> **Problem requirements**
Reproduce the listing exactly and skip over any pictures.

> **Material provided**
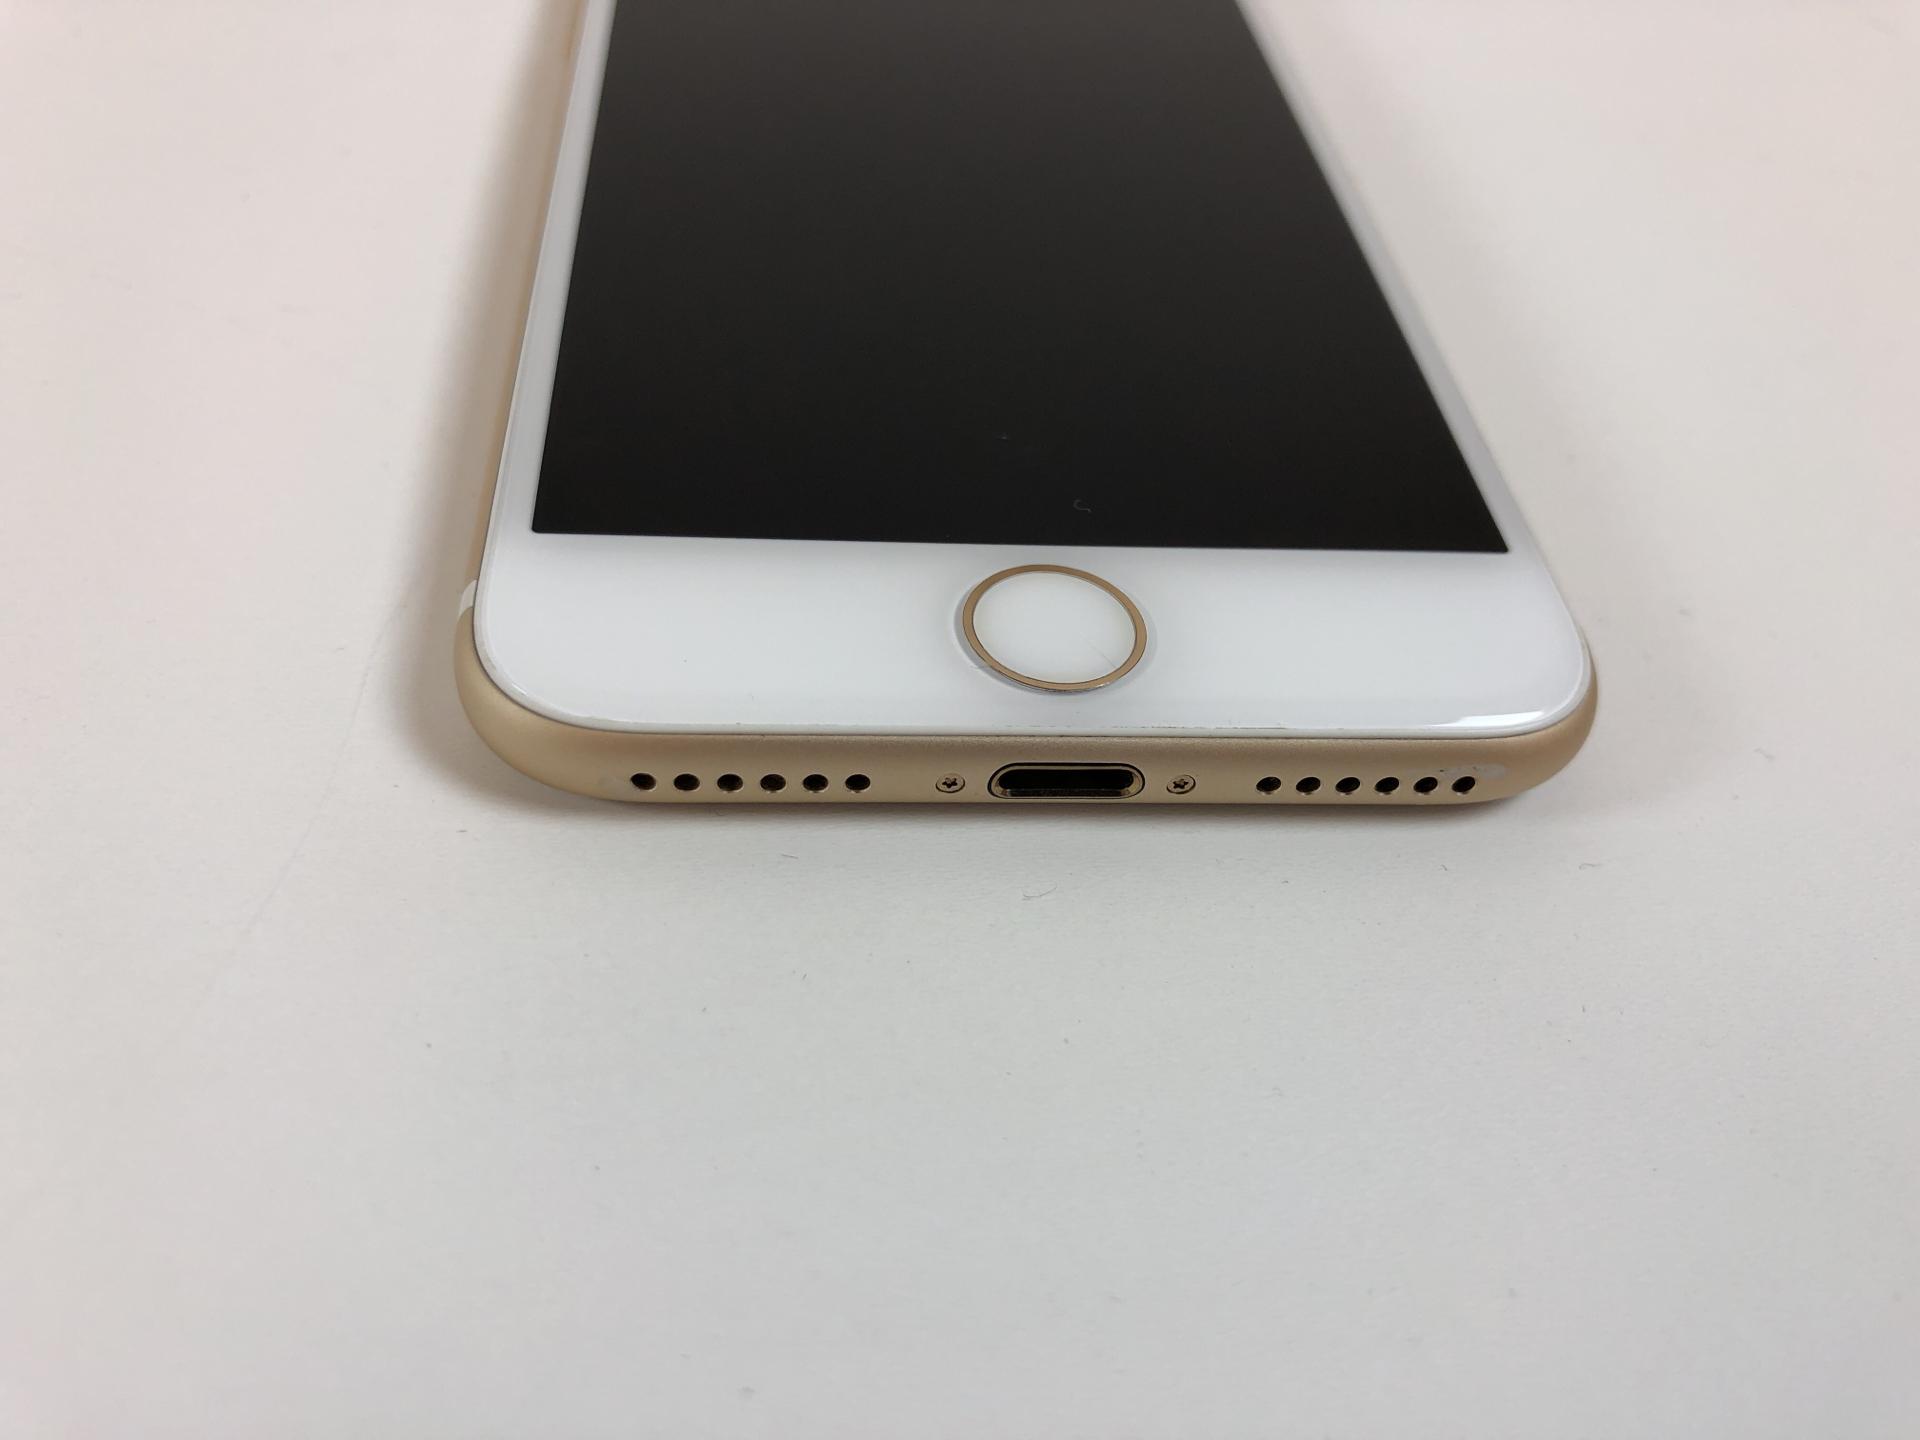 iPhone 7 32GB, 32GB, Gold, bild 5
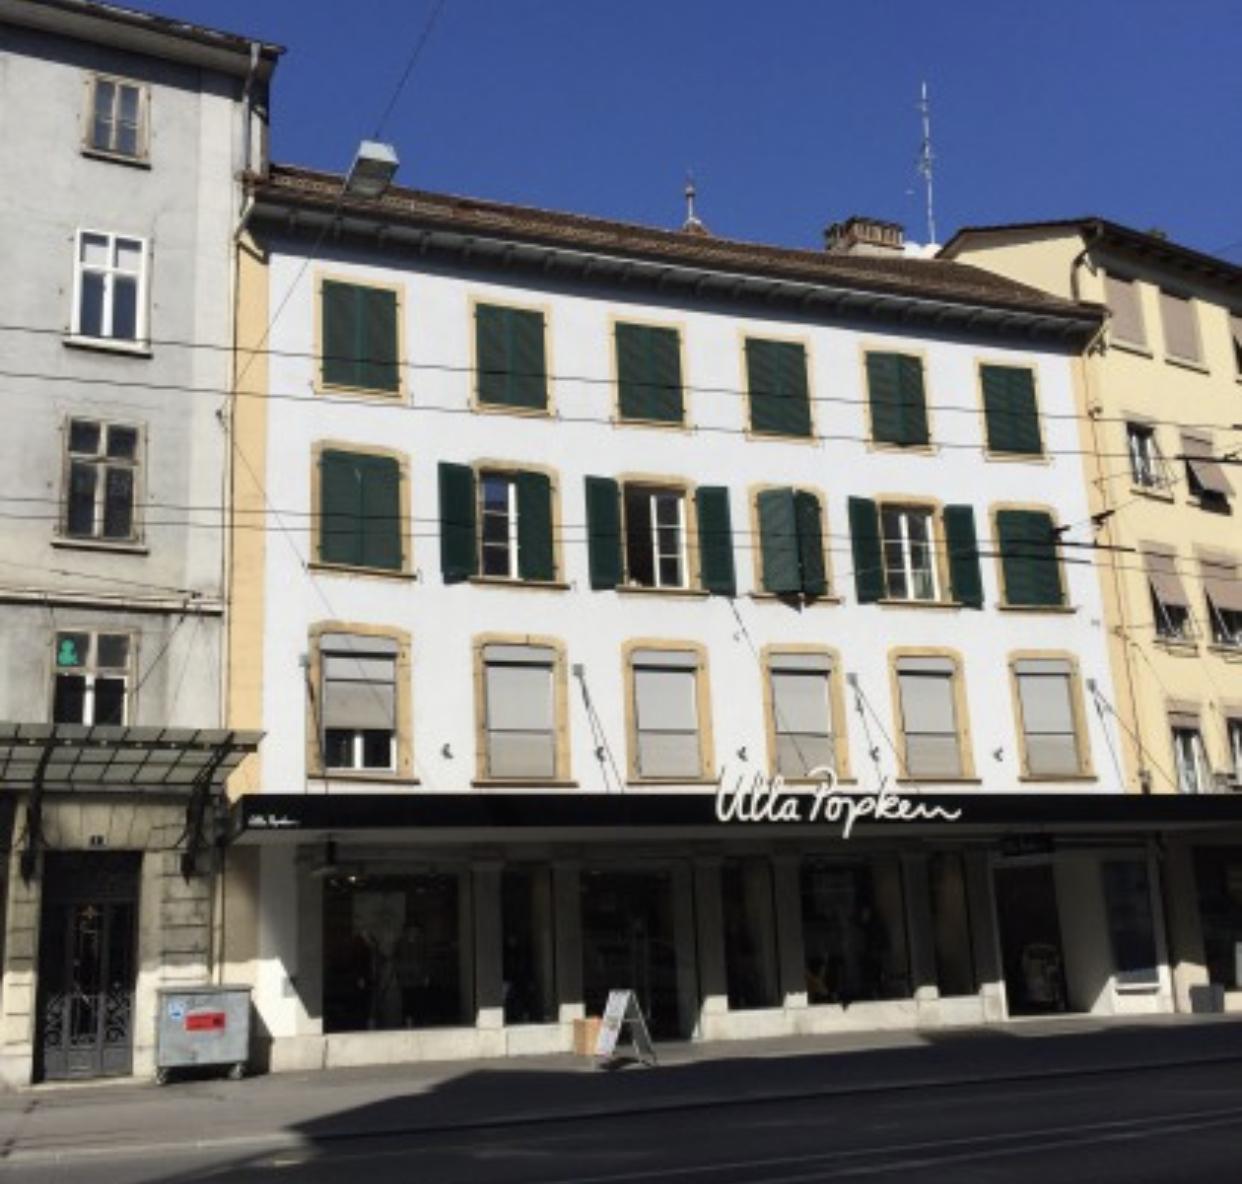 A vendre à Bienne : immeuble mixte
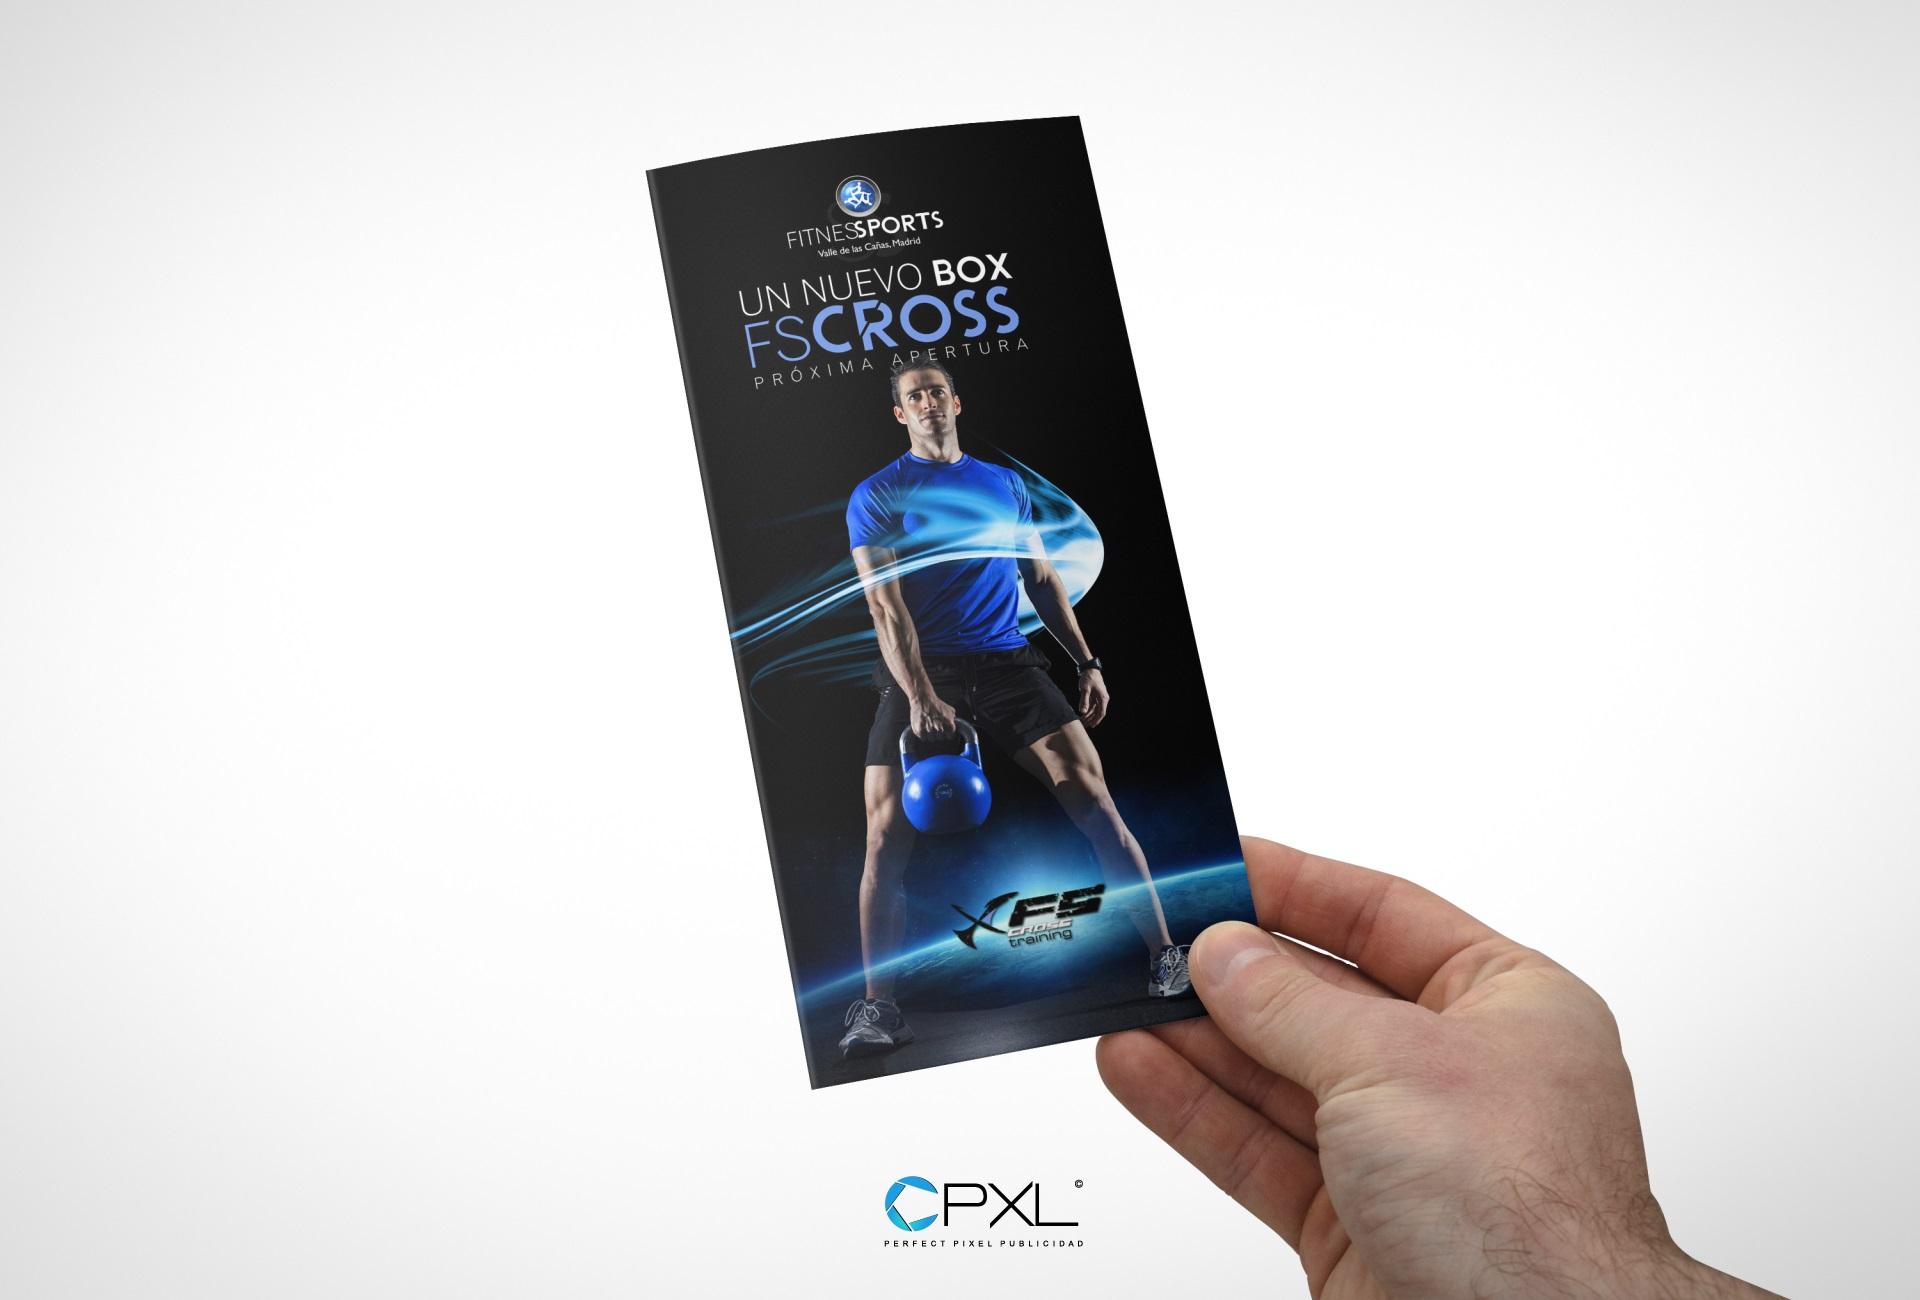 Diseño trípticos para nuevo BOX de FS Cross en Madrid (Fitness Sports Valle de las Cañas)

> **Problem solution**
 iPhone 7 32GB, 32GB, Gold, bild 5
 A vendre à Bienne : immeuble mixte
 Diseño trípticos para nuevo BOX de FS Cross en Madrid (Fitness Sports Valle de las Cañas)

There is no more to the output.